## Given records
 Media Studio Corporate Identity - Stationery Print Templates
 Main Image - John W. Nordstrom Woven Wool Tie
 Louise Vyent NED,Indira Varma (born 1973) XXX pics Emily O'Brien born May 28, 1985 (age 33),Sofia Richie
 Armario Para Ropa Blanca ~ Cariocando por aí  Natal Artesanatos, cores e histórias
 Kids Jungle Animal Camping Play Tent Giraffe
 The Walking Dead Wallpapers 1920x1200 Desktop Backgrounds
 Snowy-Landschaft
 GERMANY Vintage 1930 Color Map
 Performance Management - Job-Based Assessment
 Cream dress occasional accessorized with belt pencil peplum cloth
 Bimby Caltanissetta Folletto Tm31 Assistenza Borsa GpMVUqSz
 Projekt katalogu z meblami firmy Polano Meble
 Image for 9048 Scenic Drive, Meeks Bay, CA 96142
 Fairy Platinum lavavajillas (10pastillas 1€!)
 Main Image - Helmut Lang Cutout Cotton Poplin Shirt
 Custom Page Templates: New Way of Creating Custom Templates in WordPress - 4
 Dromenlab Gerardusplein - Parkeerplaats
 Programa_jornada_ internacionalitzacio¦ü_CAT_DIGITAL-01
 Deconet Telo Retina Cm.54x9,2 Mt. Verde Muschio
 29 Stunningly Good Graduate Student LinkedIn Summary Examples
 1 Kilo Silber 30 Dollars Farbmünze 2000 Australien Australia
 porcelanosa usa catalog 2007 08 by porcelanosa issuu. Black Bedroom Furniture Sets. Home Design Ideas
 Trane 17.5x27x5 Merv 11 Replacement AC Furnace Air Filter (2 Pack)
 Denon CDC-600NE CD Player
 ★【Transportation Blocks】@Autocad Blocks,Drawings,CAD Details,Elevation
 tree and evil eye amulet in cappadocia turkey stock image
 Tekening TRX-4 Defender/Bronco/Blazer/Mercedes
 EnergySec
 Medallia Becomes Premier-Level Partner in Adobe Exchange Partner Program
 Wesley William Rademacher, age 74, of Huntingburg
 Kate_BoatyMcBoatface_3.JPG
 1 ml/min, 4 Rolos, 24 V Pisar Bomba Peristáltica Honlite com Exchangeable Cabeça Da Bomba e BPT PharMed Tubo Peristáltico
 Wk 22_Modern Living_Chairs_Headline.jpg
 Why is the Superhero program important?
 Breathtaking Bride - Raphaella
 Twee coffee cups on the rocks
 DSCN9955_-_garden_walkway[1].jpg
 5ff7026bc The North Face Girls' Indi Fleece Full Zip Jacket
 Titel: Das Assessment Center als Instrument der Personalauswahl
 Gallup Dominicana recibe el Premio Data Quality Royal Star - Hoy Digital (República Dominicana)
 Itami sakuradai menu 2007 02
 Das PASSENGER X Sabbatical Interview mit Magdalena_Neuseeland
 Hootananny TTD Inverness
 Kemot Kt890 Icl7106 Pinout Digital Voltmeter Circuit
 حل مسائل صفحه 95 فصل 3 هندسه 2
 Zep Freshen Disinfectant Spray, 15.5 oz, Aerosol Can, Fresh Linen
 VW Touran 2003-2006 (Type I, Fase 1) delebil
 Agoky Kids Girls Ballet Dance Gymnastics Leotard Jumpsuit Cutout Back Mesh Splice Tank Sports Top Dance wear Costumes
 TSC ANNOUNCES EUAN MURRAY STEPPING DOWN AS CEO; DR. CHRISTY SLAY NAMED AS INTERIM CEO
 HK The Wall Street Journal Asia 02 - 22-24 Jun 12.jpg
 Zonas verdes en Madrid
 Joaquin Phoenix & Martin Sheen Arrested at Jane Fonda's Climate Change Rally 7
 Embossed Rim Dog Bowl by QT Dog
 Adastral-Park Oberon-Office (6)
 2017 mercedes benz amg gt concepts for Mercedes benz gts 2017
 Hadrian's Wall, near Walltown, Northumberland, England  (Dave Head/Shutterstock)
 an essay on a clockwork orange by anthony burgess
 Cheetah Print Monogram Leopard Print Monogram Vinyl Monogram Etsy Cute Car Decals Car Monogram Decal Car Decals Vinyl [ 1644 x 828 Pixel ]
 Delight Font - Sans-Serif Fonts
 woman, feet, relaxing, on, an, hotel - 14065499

## Instructions for the task
Check each line of the preceding material for the word "Assessment", then state how many lines contain it, with no other text.

## Task solution
2